Extracted data entries:

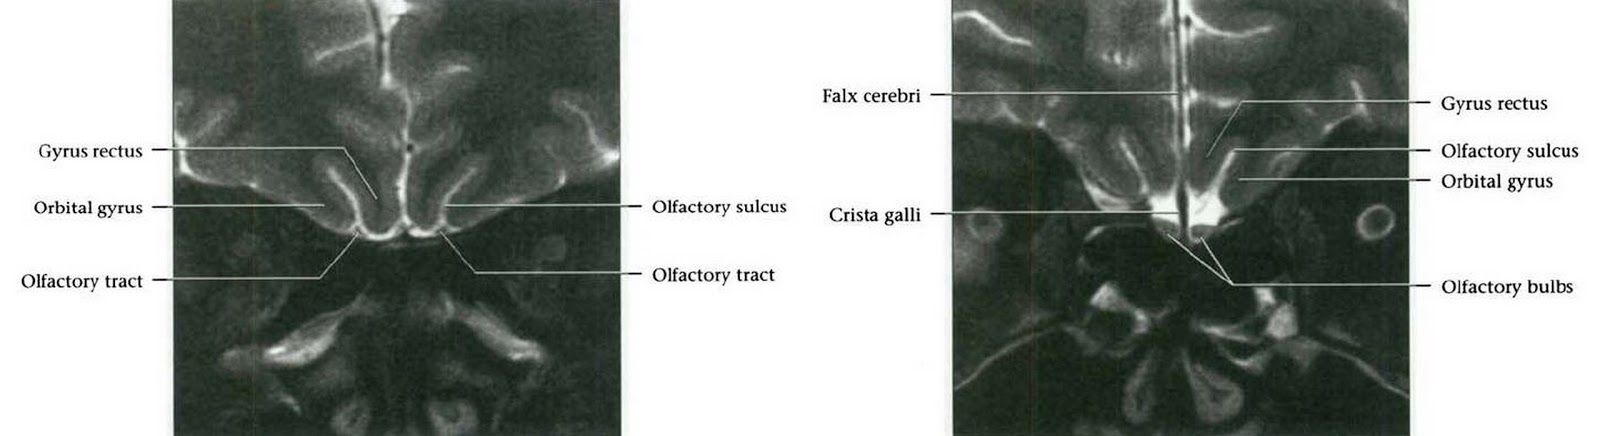 Dr Balaji Anvekar\'s Neuroradiology Cases: Cranial Nerves Normal MRI ...
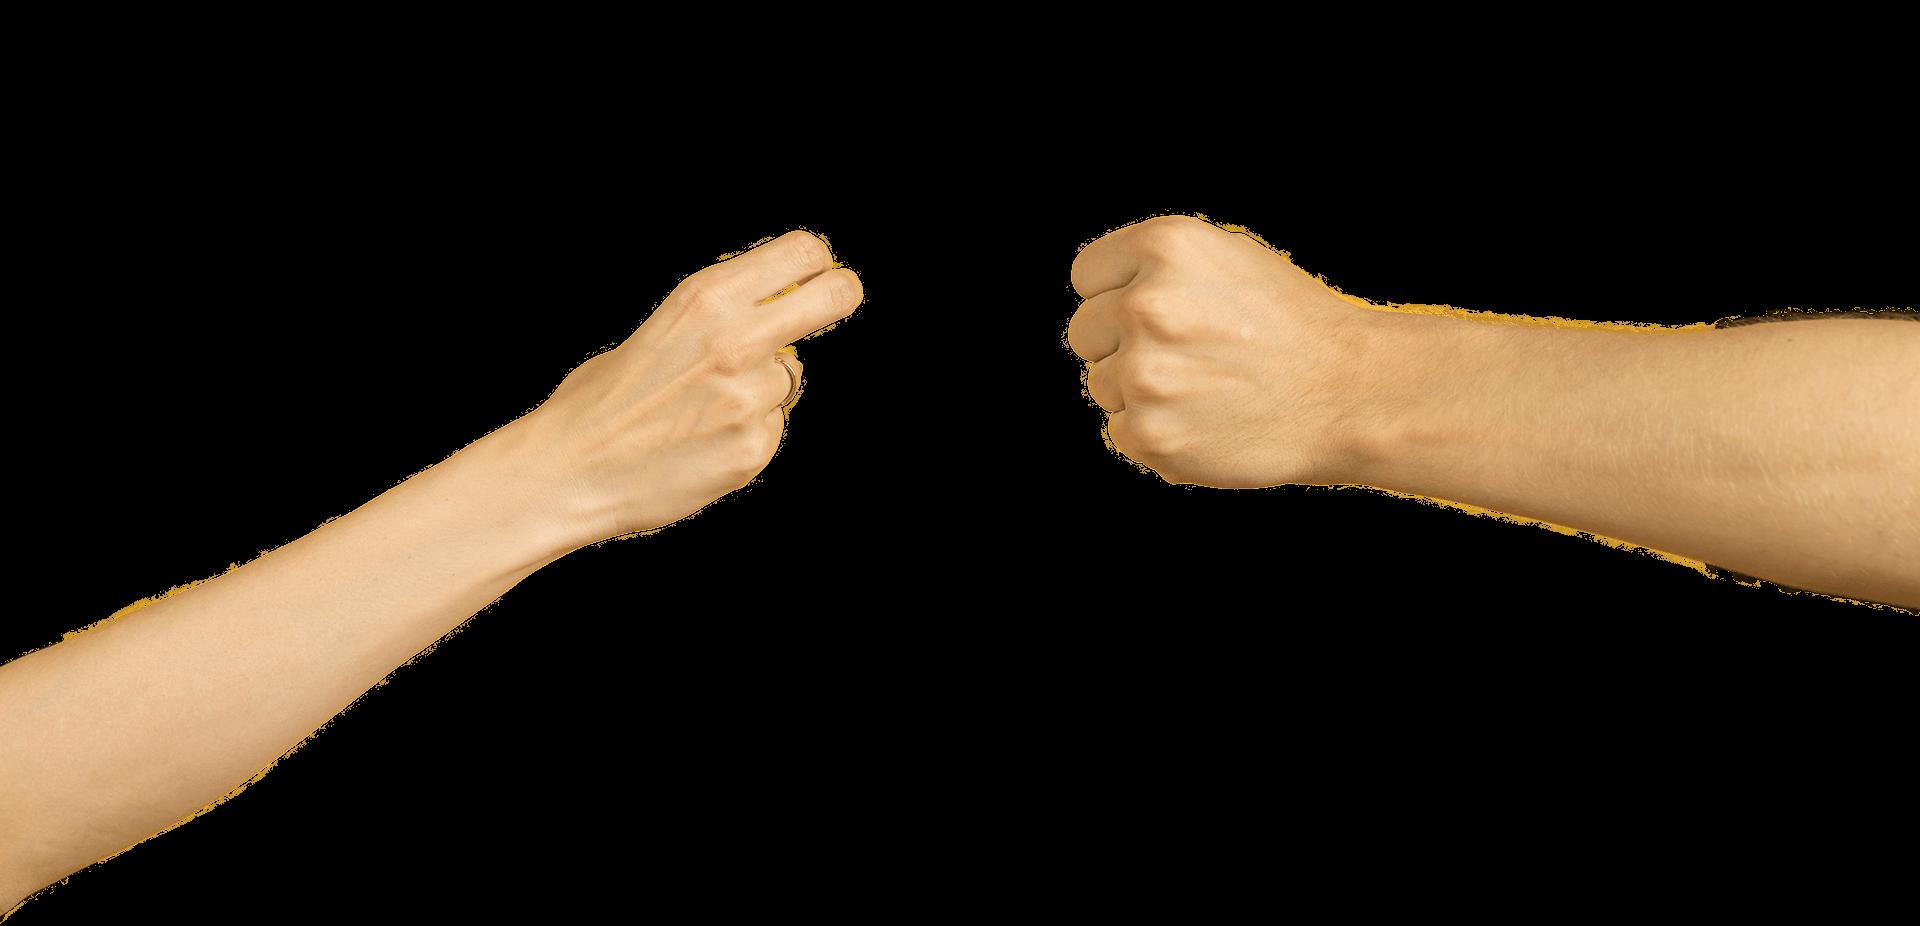 Photo of 2 hands making a snail shape, snail step 2
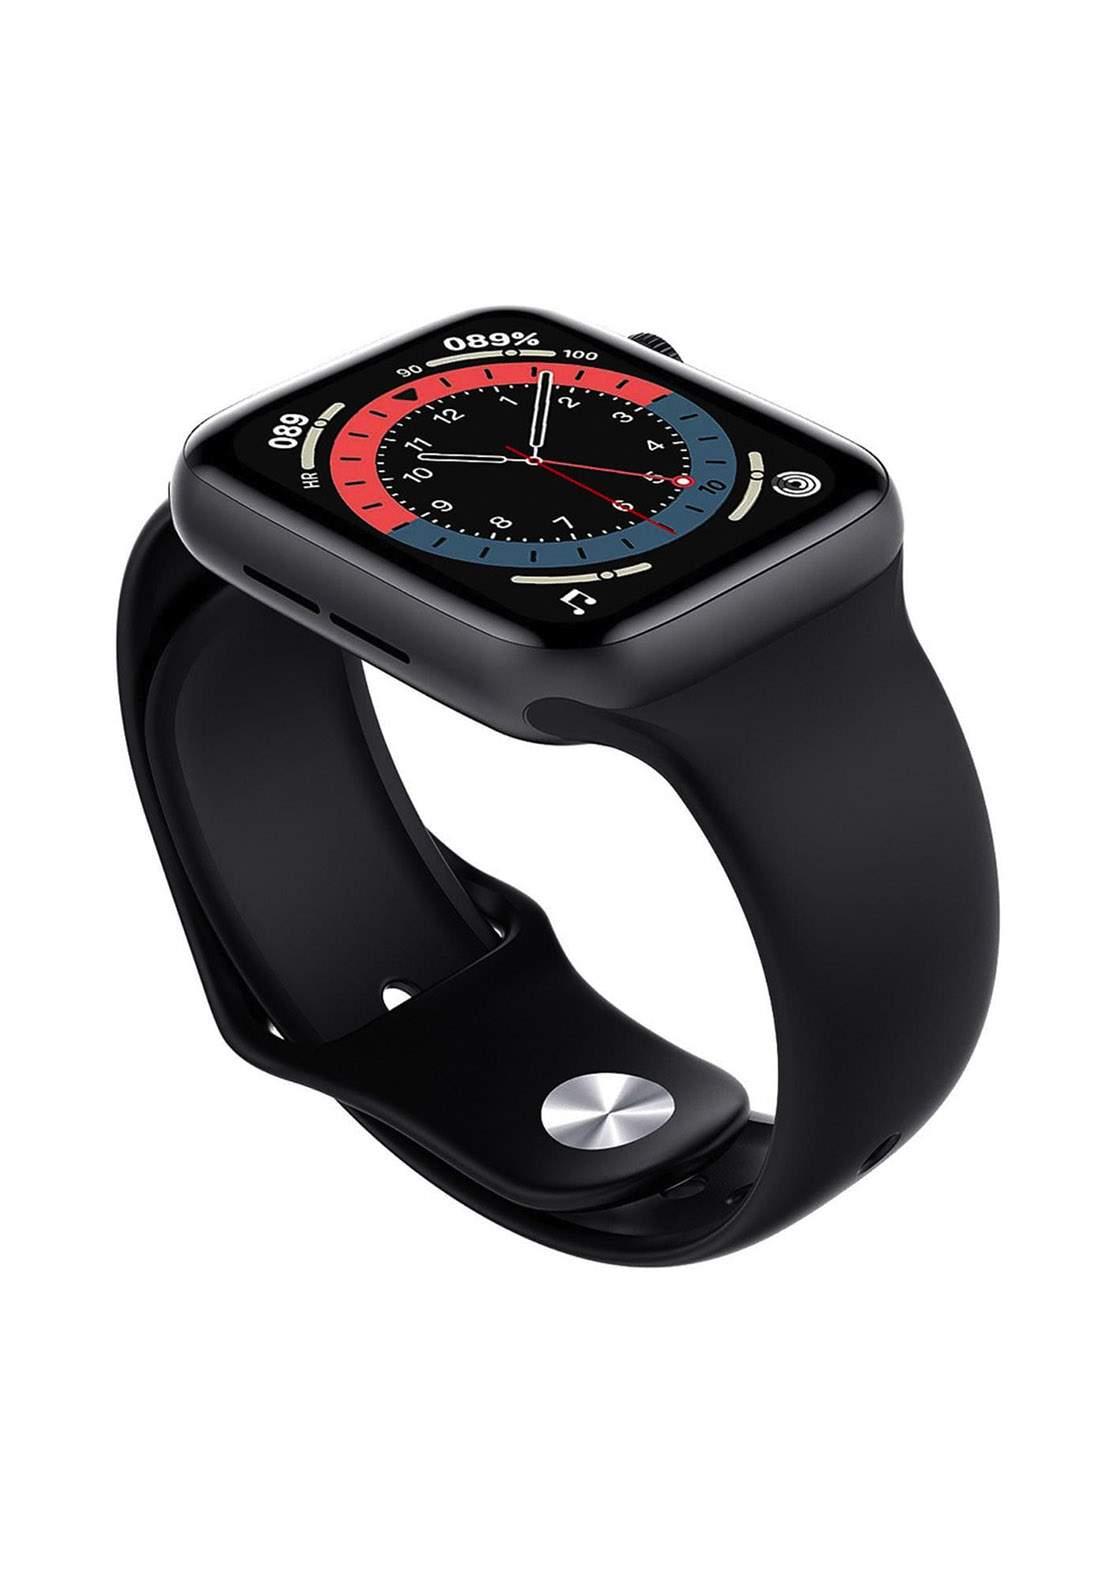 HW22 Smart watch Hand 6th edition  - Black  ساعة ذكية
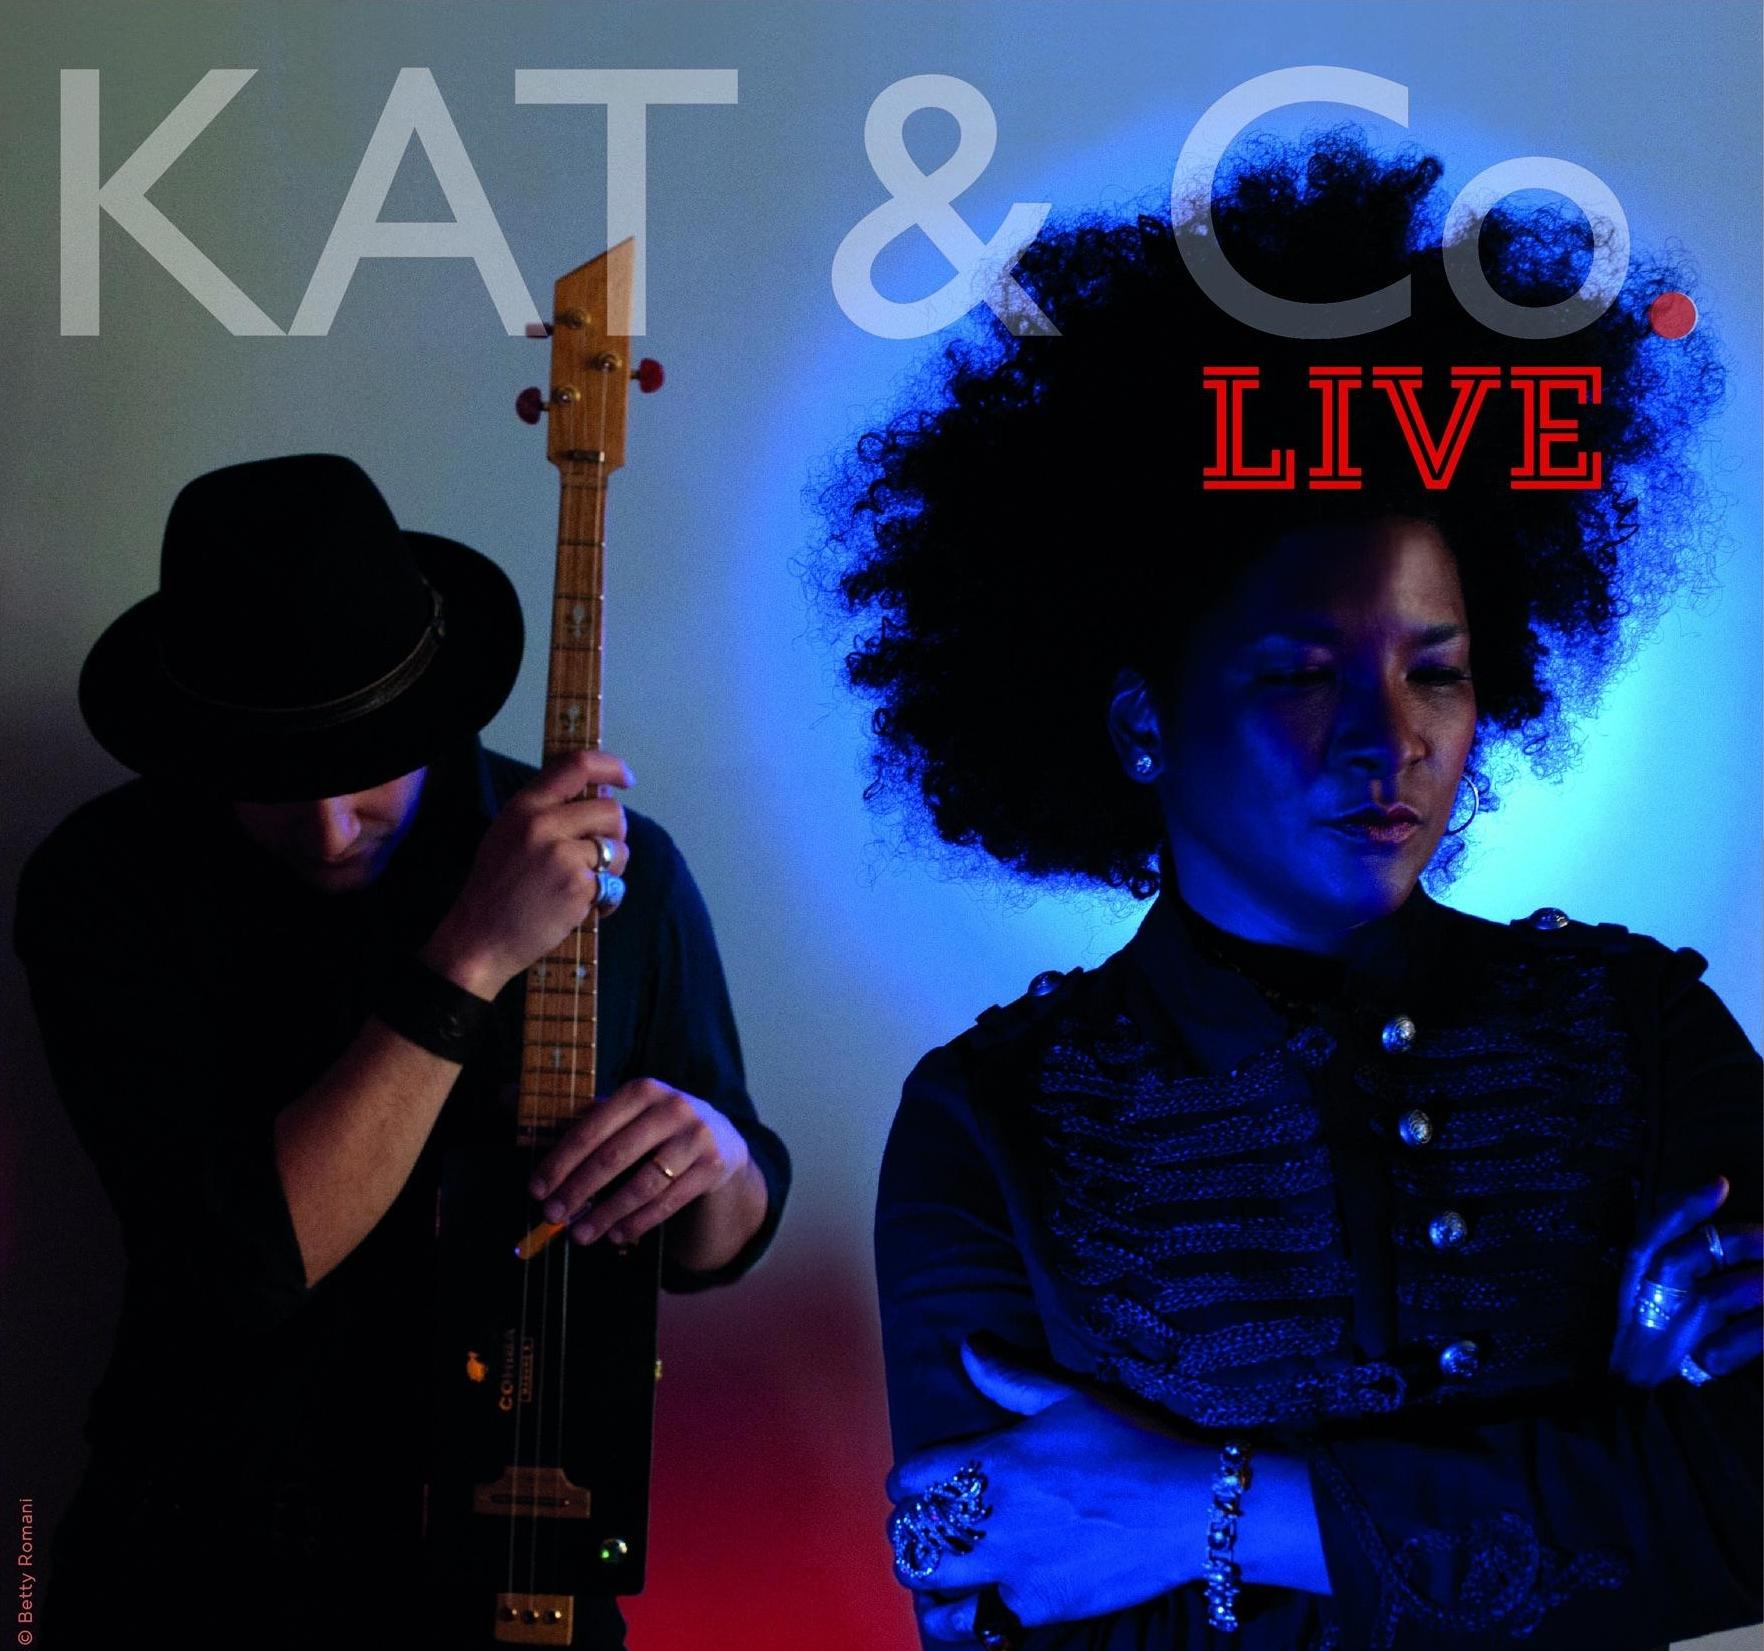 Kat&Co LIVE.jpg
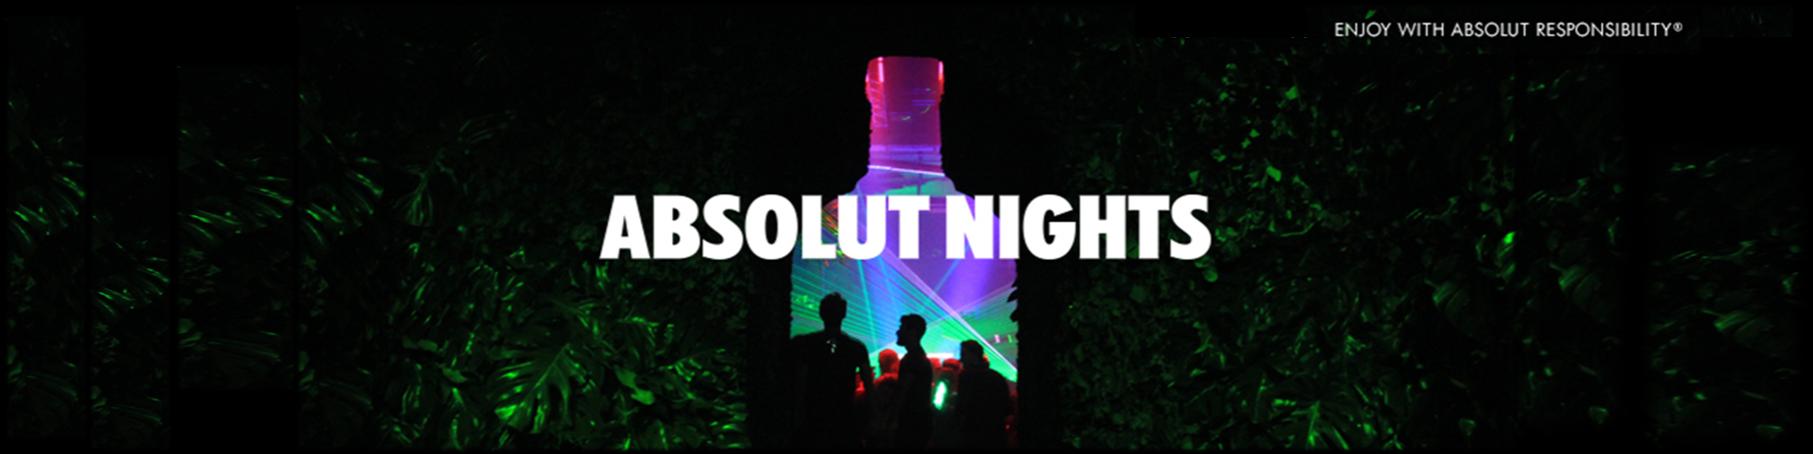 Absolut_Nights_Slider_ver02

**WORK ORDER**
For this exercise, return the records above in full and exactly, omitting the images.

**THE ANSWER**
 Dr Balaji Anvekar\'s Neuroradiology Cases: Cranial Nerves Normal MRI ...
 Photo of 2 hands making a snail shape, snail step 2
 HW22 Smart watch Hand 6th edition  - Black  ساعة ذكية
 Kat&Co LIVE.jpg
 Absolut_Nights_Slider_ver02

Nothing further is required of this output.